TASK OBJECTIVE: Once you find the line with "押し下げる散るあたり10個入" in the data that follows, repeat it and every line after it exactly, through the line with "tortukai ir kiti".

RECORDS PROVIDED:
....

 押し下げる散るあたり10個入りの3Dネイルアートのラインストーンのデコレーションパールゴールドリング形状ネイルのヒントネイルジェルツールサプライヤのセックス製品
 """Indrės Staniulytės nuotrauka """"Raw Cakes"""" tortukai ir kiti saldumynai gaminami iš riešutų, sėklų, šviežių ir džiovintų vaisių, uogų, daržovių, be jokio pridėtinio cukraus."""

....

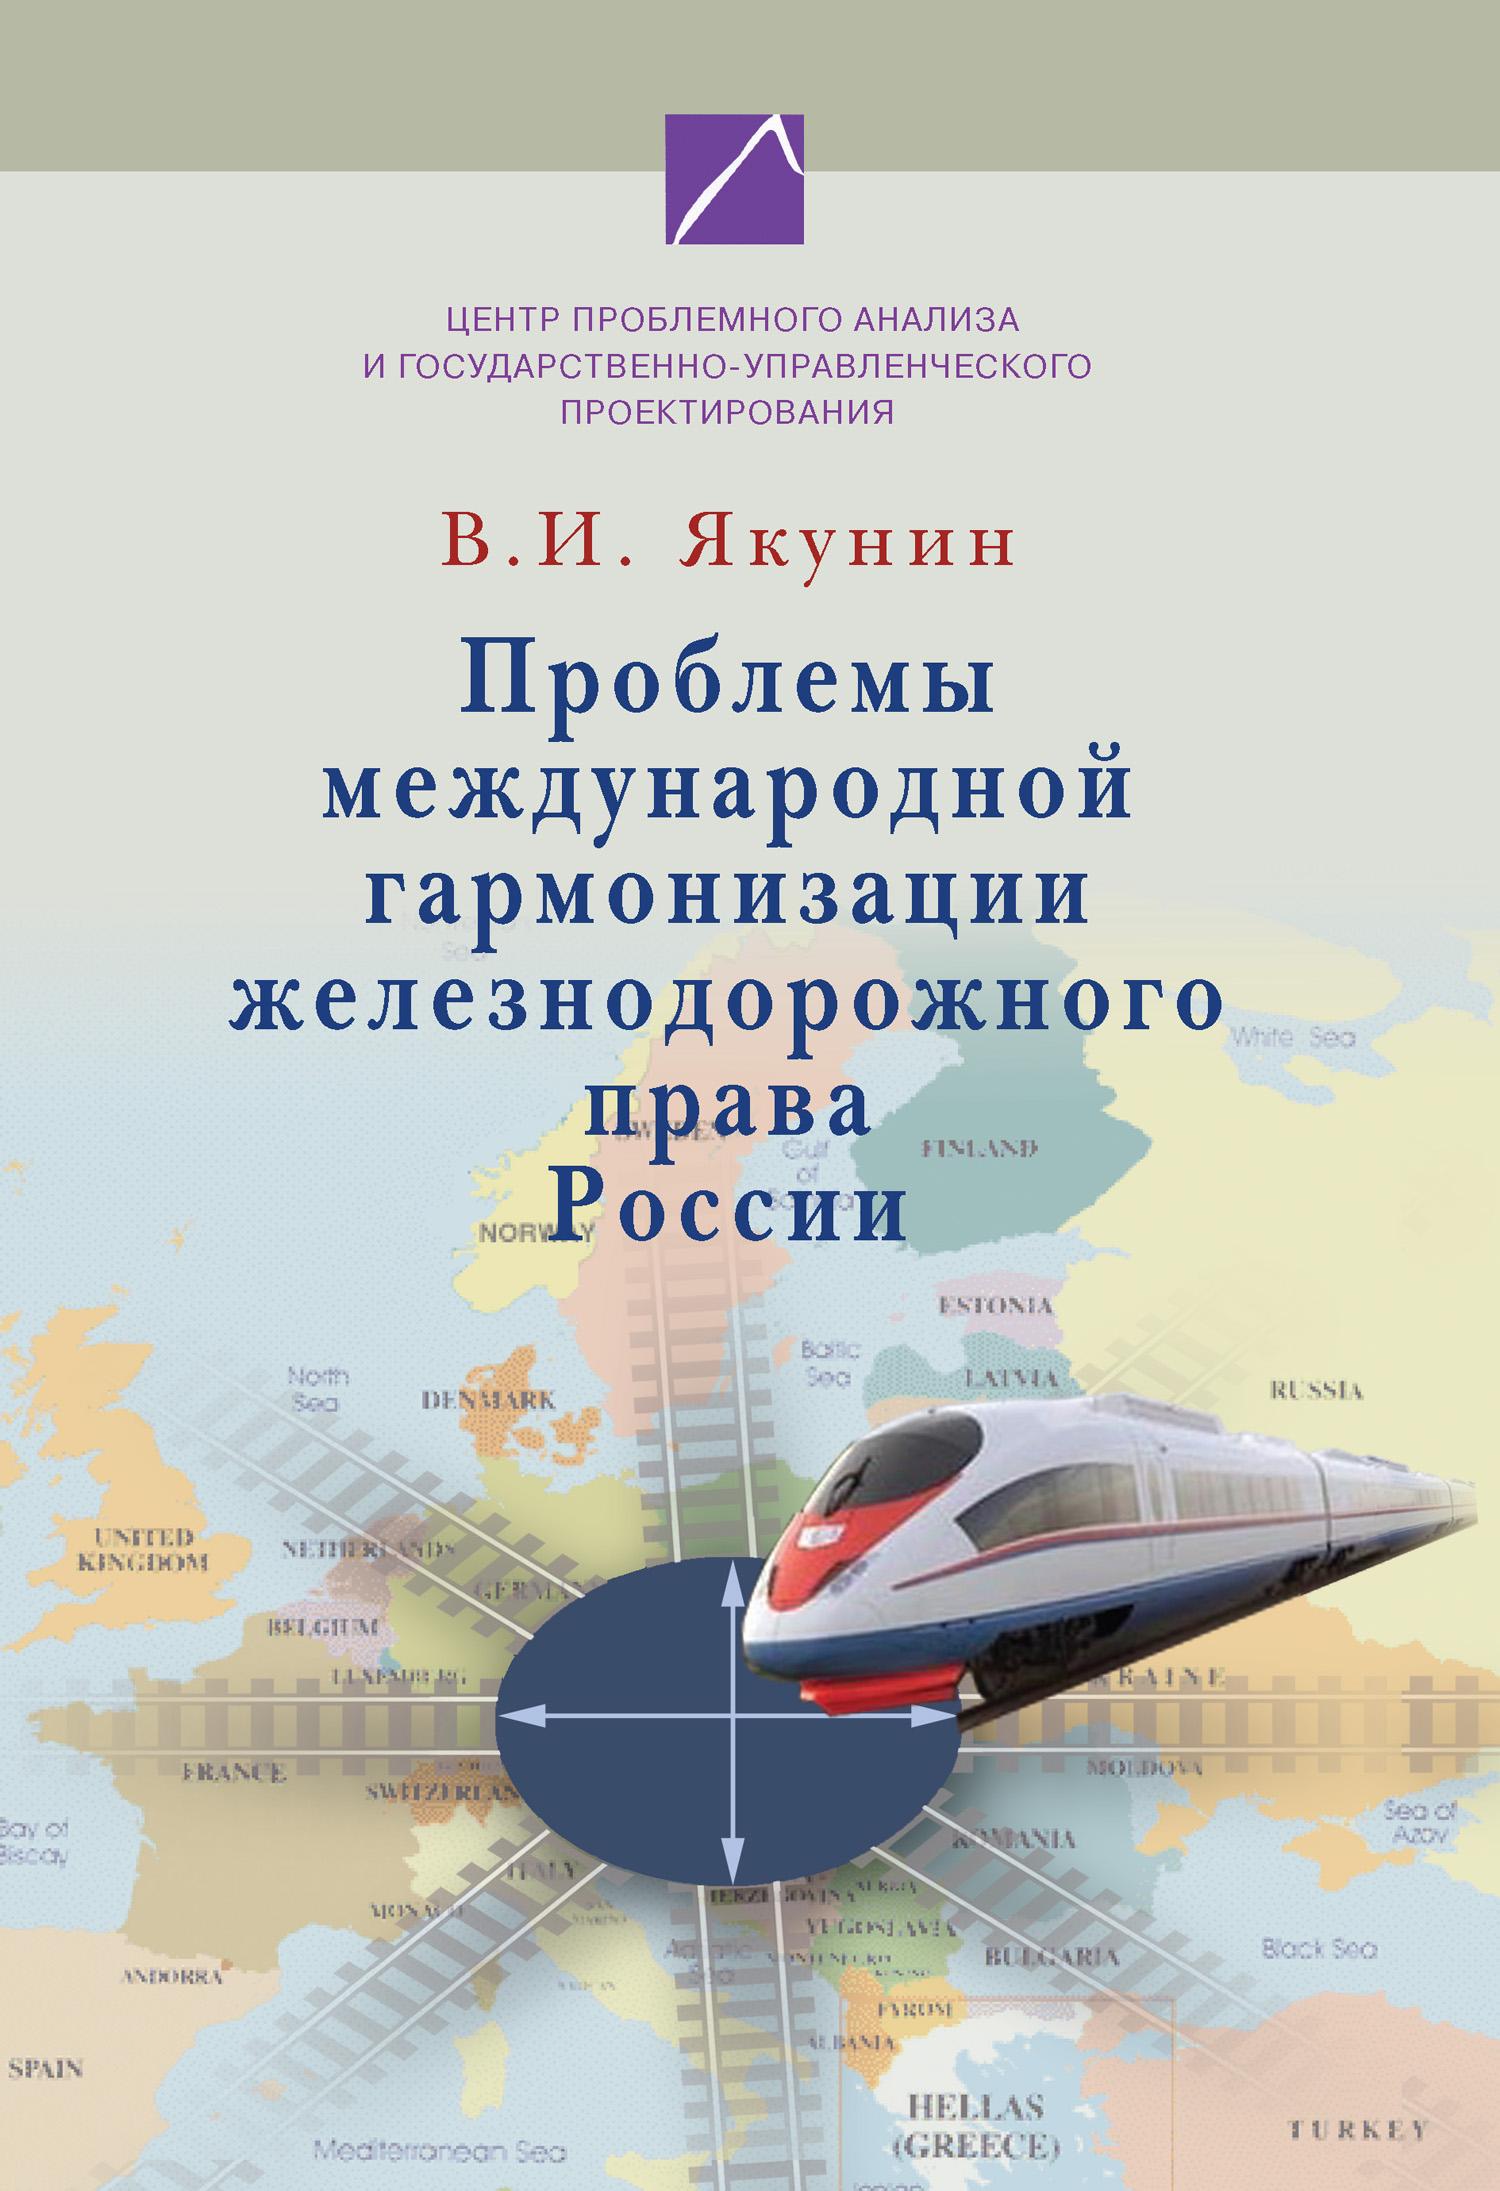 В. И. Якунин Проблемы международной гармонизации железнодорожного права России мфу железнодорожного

....

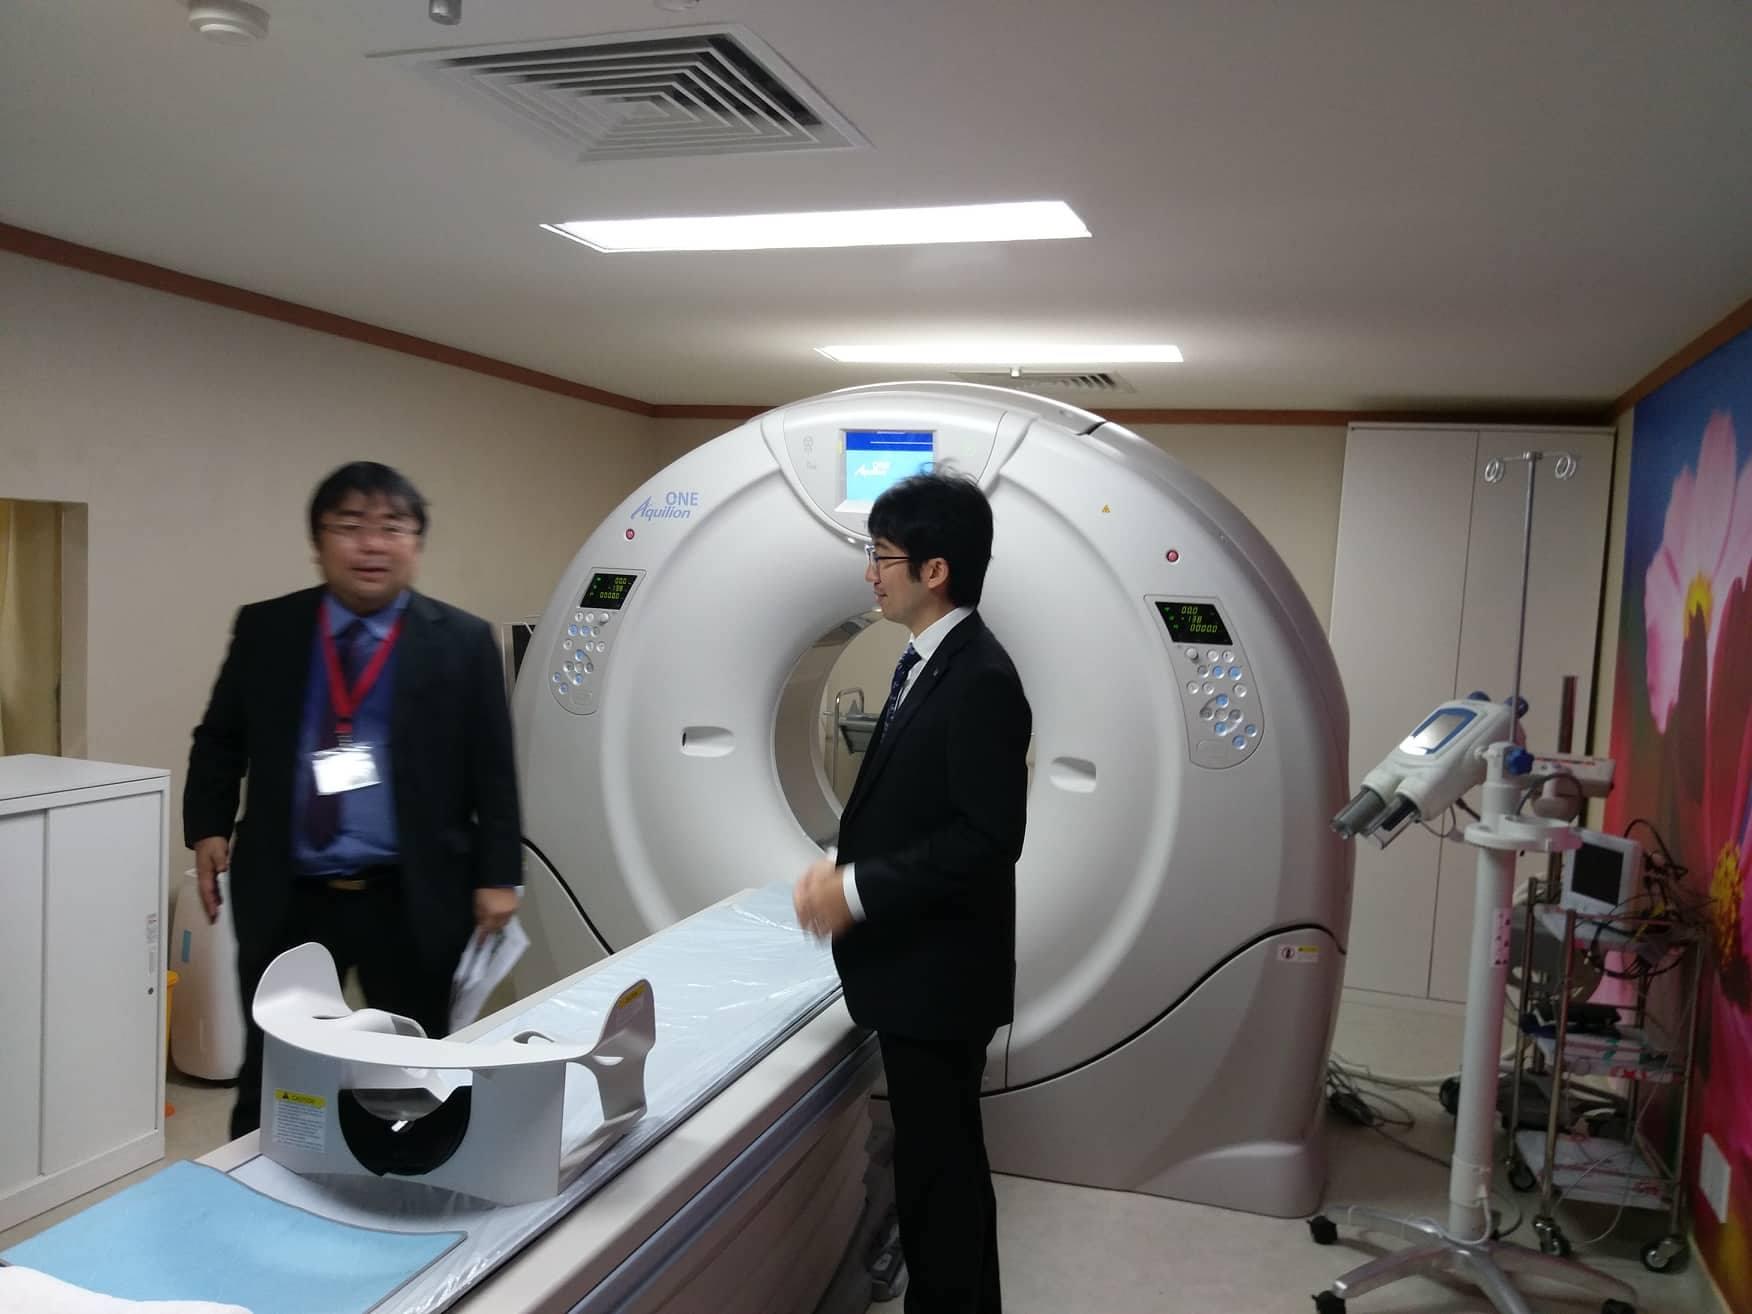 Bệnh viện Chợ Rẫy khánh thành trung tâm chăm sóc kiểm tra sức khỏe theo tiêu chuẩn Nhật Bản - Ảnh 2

....

OUTPUT:
 押し下げる散るあたり10個入りの3Dネイルアートのラインストーンのデコレーションパールゴールドリング形状ネイルのヒントネイルジェルツールサプライヤのセックス製品
 """Indrės Staniulytės nuotrauka """"Raw Cakes"""" tortukai ir kiti saldumynai gaminami iš riešutų, sėklų, šviežių ir džiovintų vaisių, uogų, daržovių, be jokio pridėtinio cukraus."""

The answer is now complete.